With Matthew Alexander, Jonathan Ames, K. Anthony Appiah, Paul Auster, Ishmael Beah, David Cole, Don DeLillo, Eve Ensler, Nell Freudenberger, Jenny Holzer, A.M. Homes, Jameel Jaffer, Susanna Moore, Jack Rice, George Saunders, Amrit Singh, and Art Spiegelman

The ACLU and PEN American Center joined forces to present a public event calling attention to acts of torture and abuse carried out by the U.S. under the Bush administration.

Writers and artists took the stage with lawyers, a former military interrogator, and a former CIA agent to read from texts that have brought these abuses to light—memos, declassified communications, affidavits by officials who protested the treatment, legal opinions, and detainee testimonies.

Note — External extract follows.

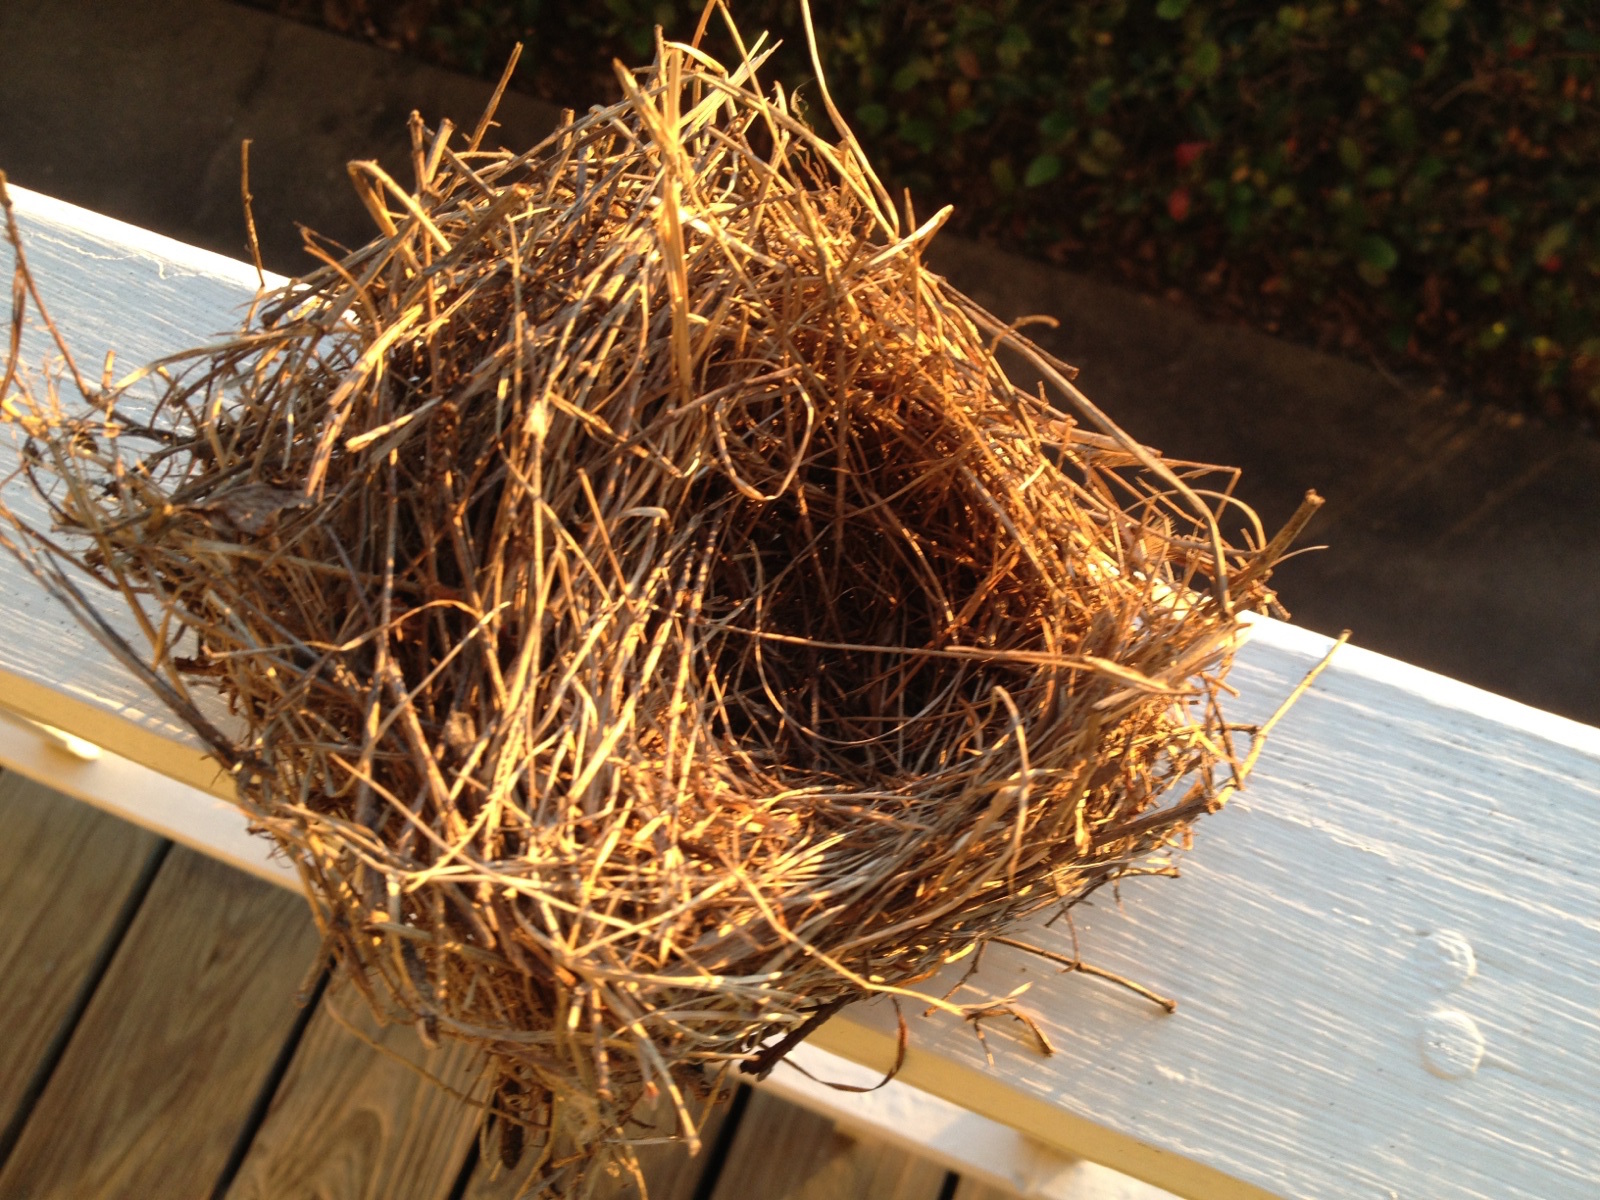 Bird nest 2

Interspersed between readings, never-before-seen video interviews with former Guantánamo detainees put a human face on the Bush administration’s torture program.

Artist Jenny Holzer’s imagery incorporating U.S. government documents provided a backdrop to the readings.

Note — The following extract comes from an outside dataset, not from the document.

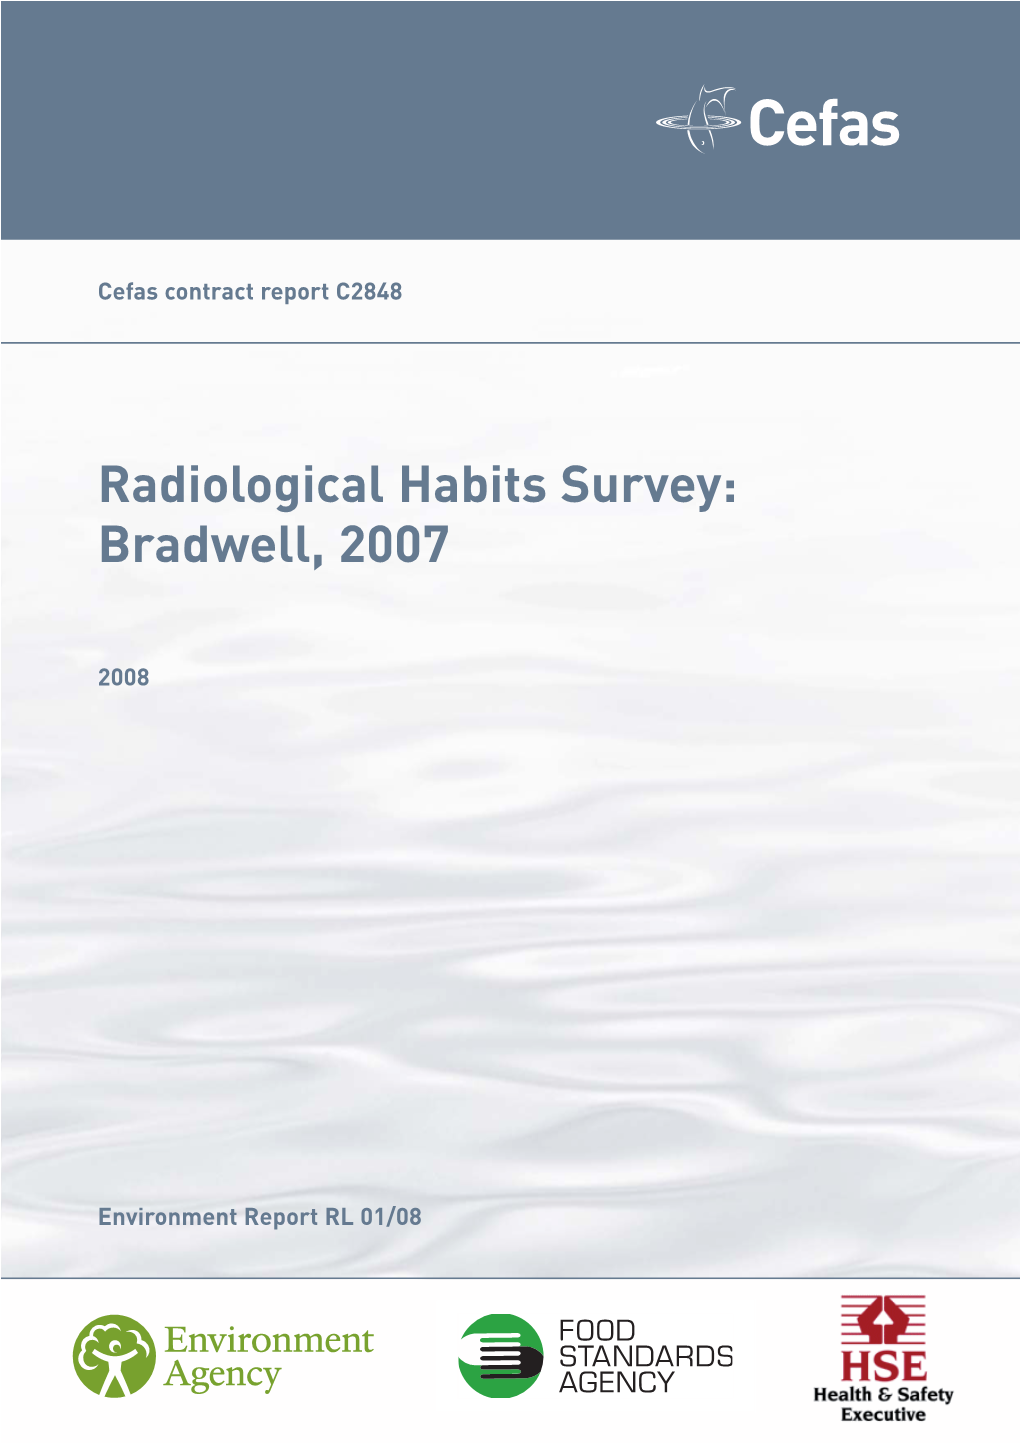 Radiological Habits Survey: Bradwell, 2007

Collectively, these documents and testimonies make undeniably clear that prisoners were tortured, abused, and in some cases even killed in U.S. custody, and that those at the very highest levels of our government authorized, encouraged, or tolerated the mistreatment.

We can't sweep the abuses of the last eight years under the rug. Accountability for torture is a legal, political, and moral imperative. To restore the rule of law, we must condemn these violations of our Constitution, domestic and international law, and seek to hold accountable those who authorized the abuse and torture of prisoners in America’s name.